#### Work order:
From the material below, return exactly the lines starting at the one that holds "Tallulah S Bakery" and ending at the one that holds "DS12C887 DS12887 12C887". Pictures stay out of the answer.

#### Data:
◆ ◆ ◆ ◆

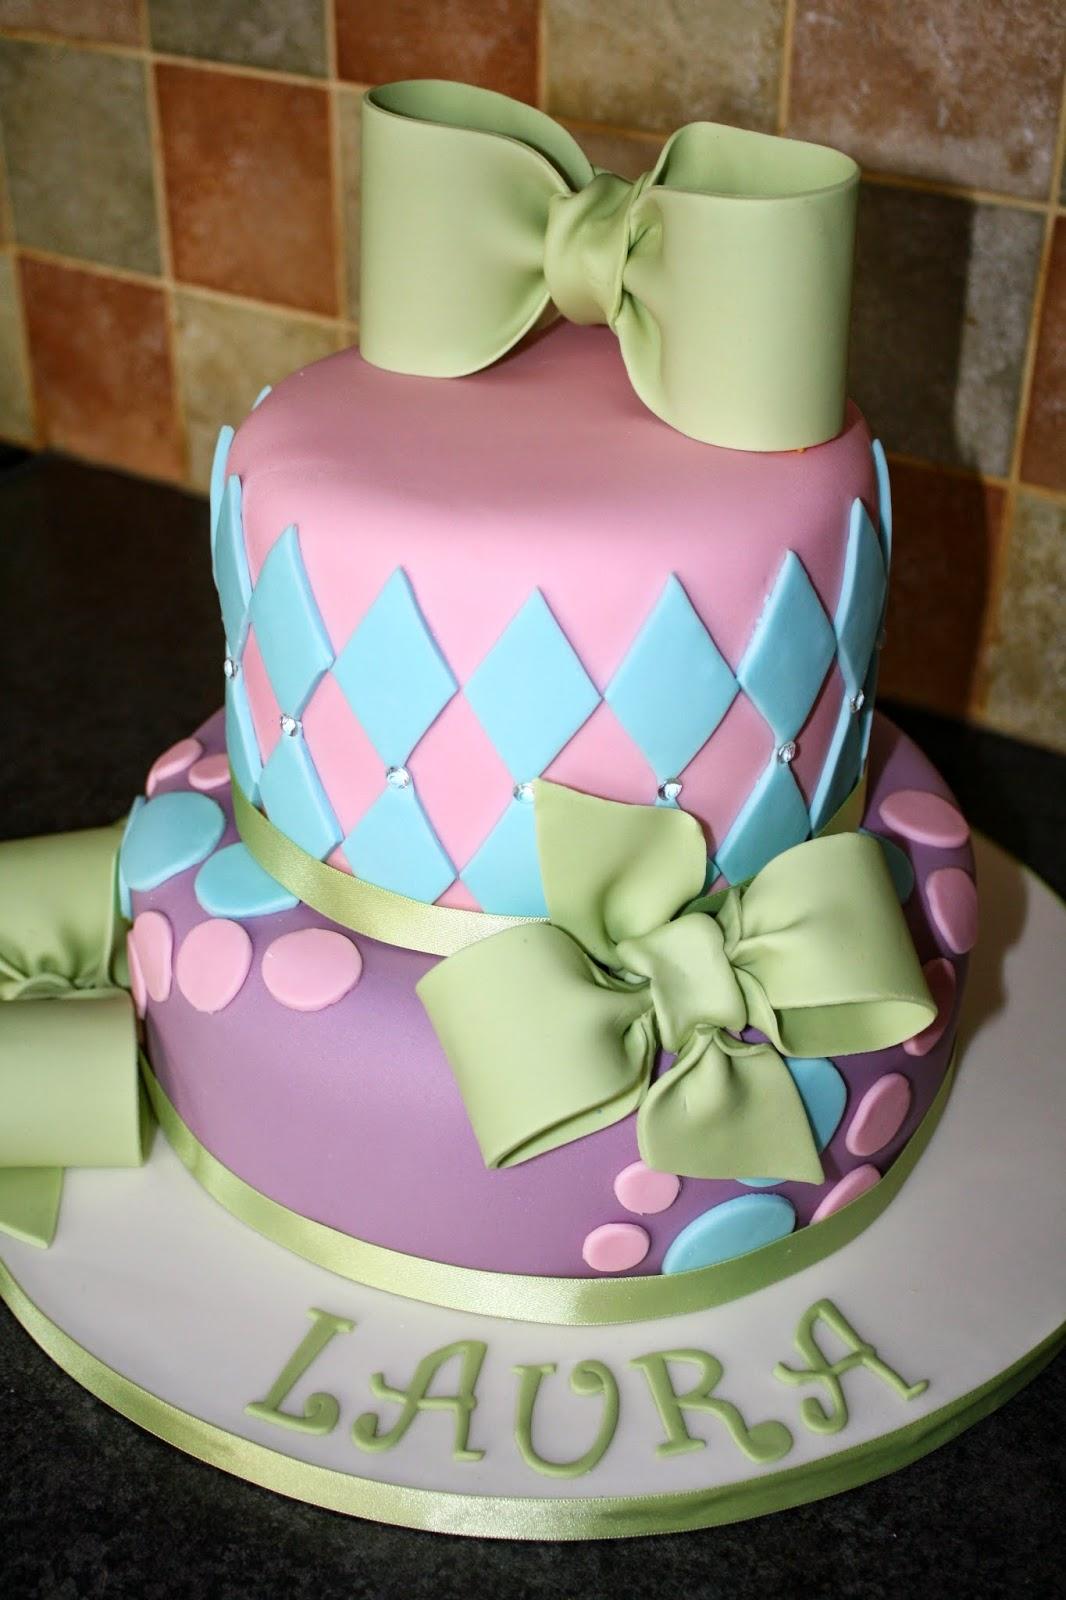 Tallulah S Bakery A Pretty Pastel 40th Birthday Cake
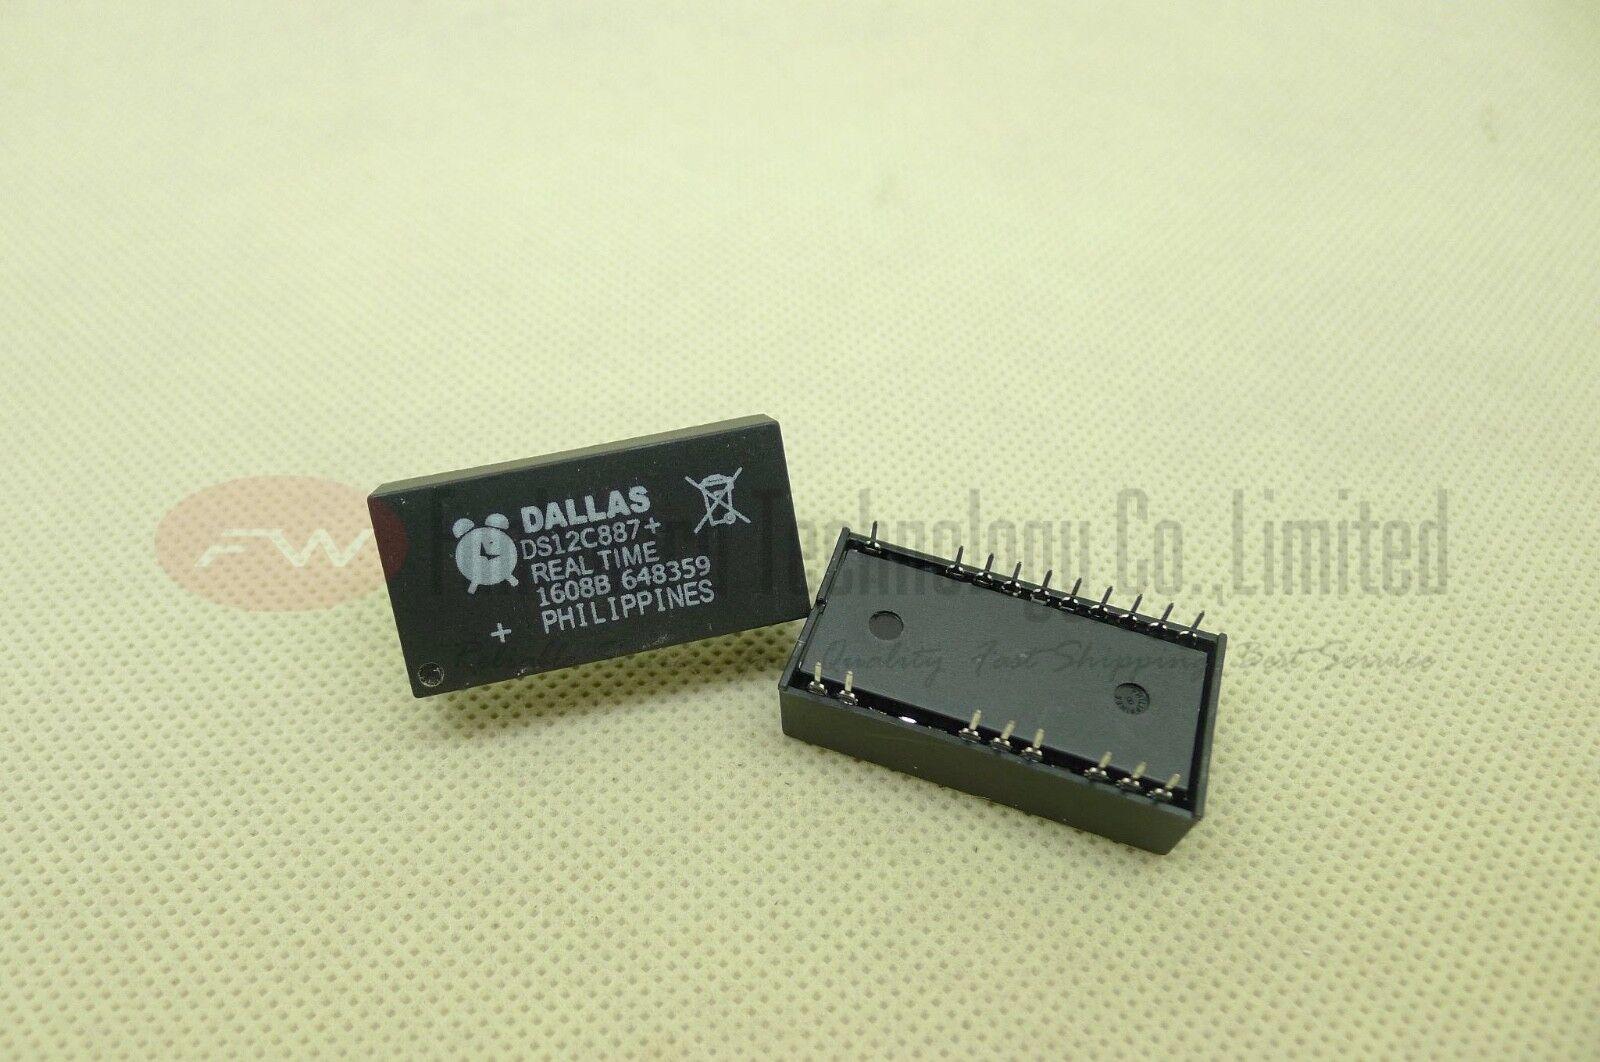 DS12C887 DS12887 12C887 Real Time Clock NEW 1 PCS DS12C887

◆ ◆ ◆ ◆

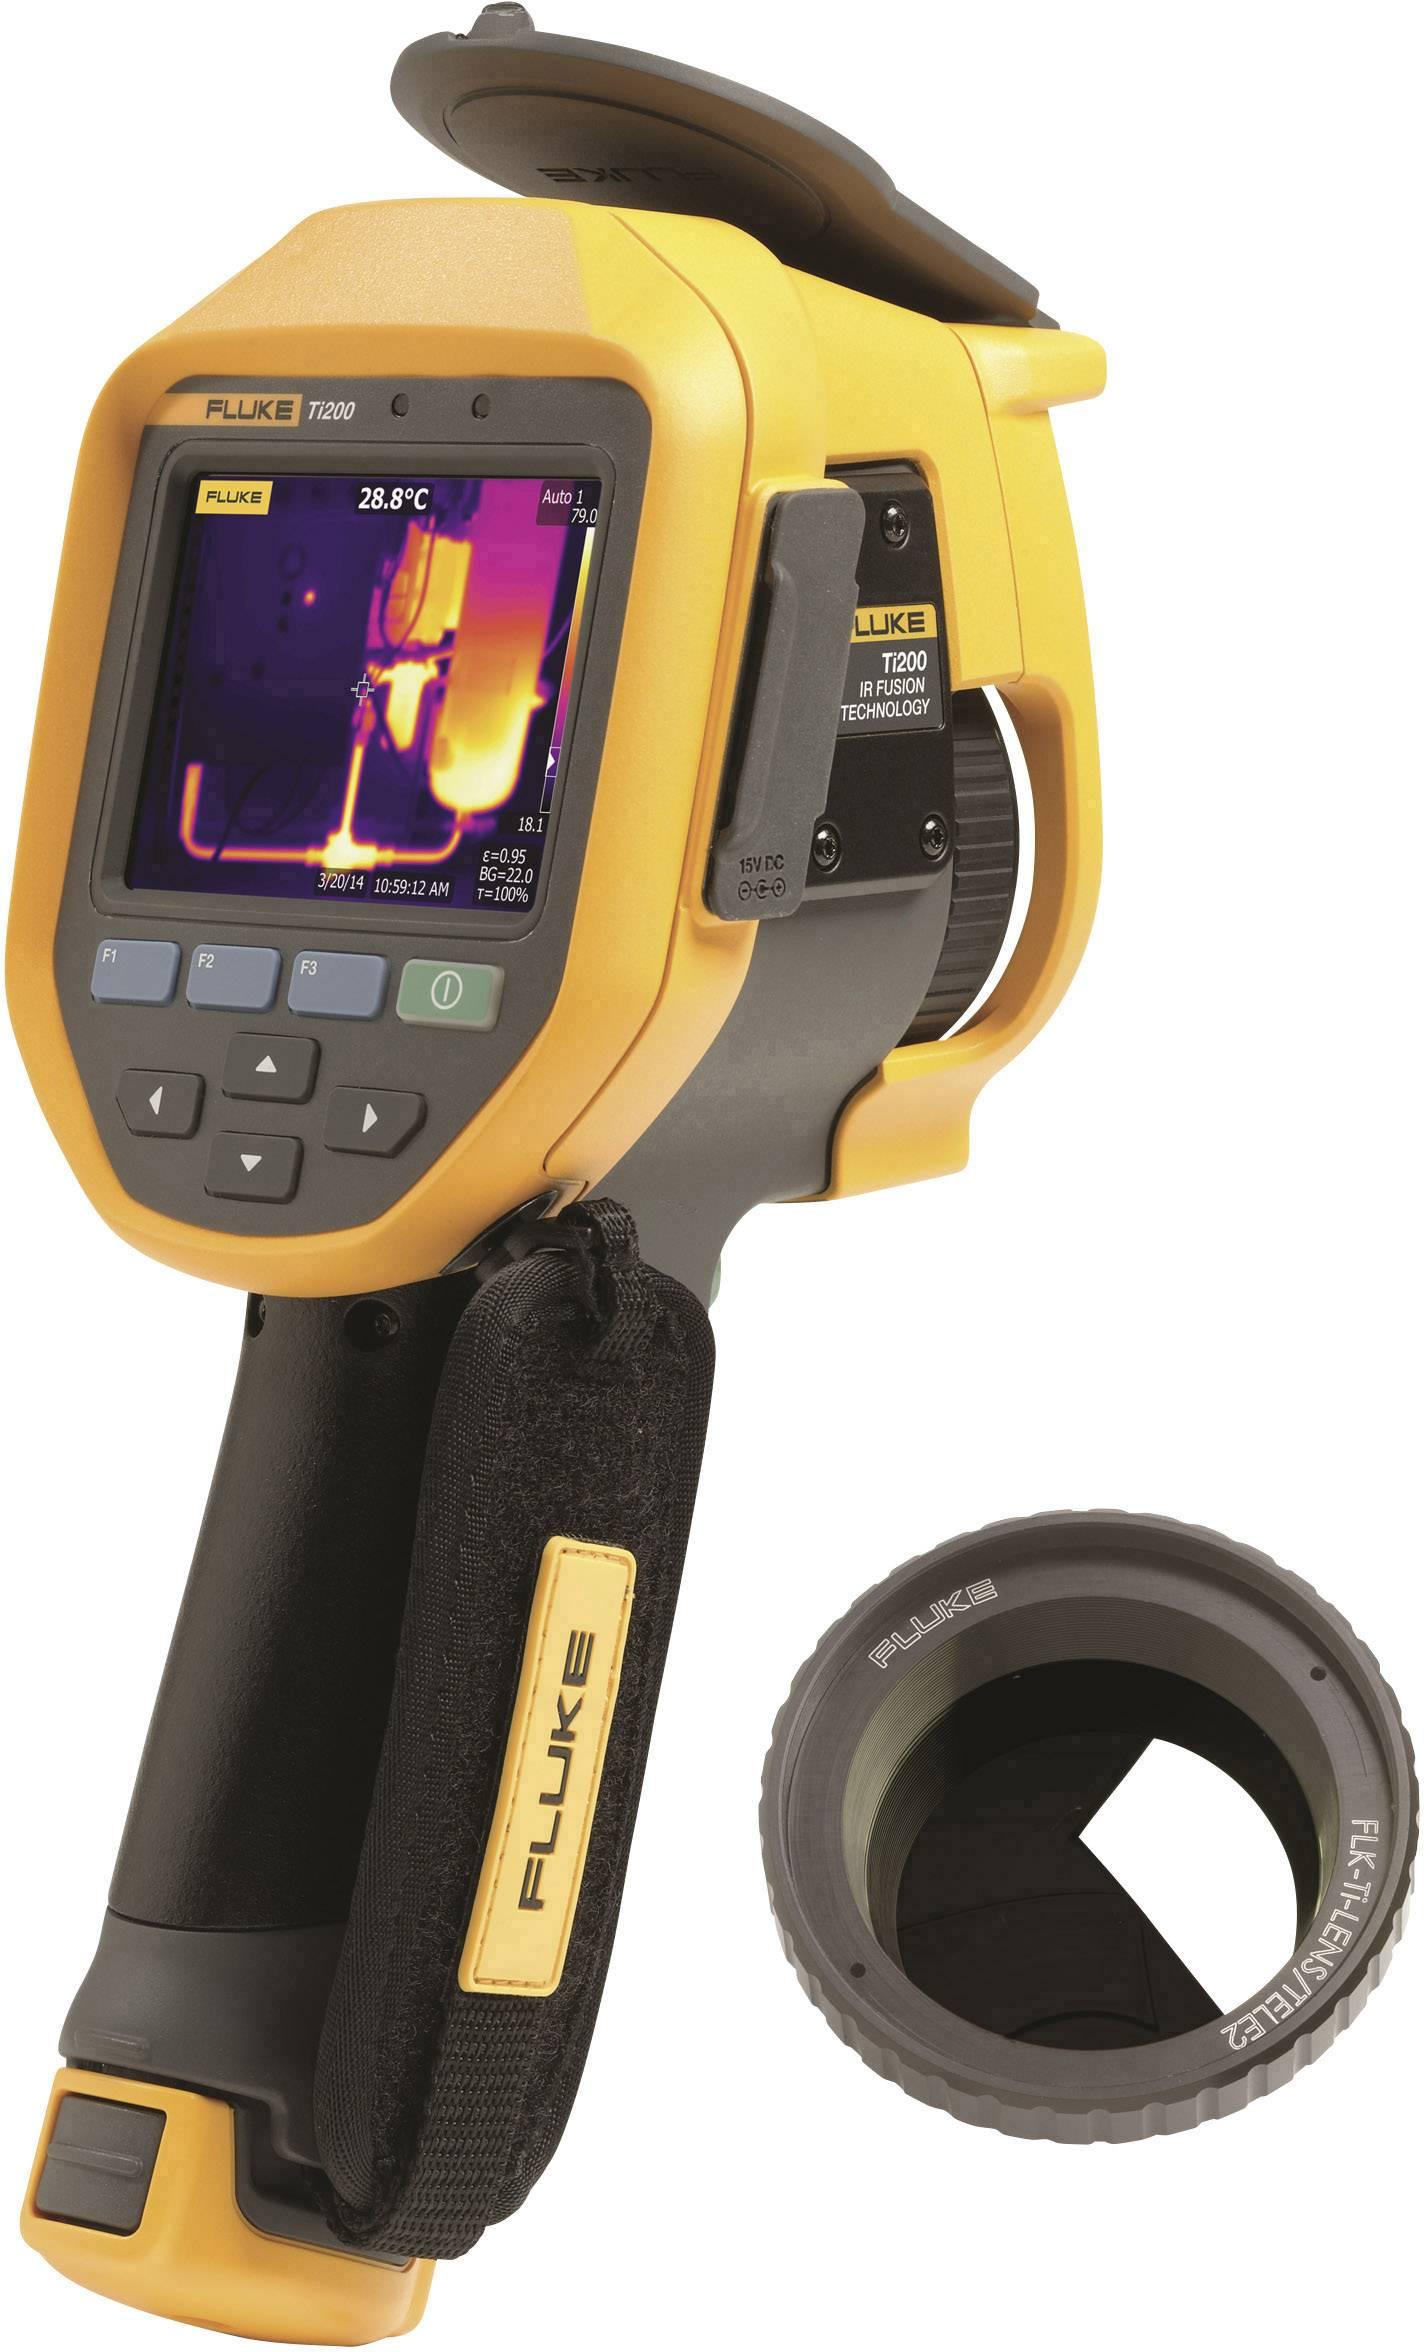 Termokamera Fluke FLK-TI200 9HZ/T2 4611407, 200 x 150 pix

◆ ◆ ◆ ◆

#### Output:
 Tallulah S Bakery A Pretty Pastel 40th Birthday Cake
 DS12C887 DS12887 12C887 Real Time Clock NEW 1 PCS DS12C887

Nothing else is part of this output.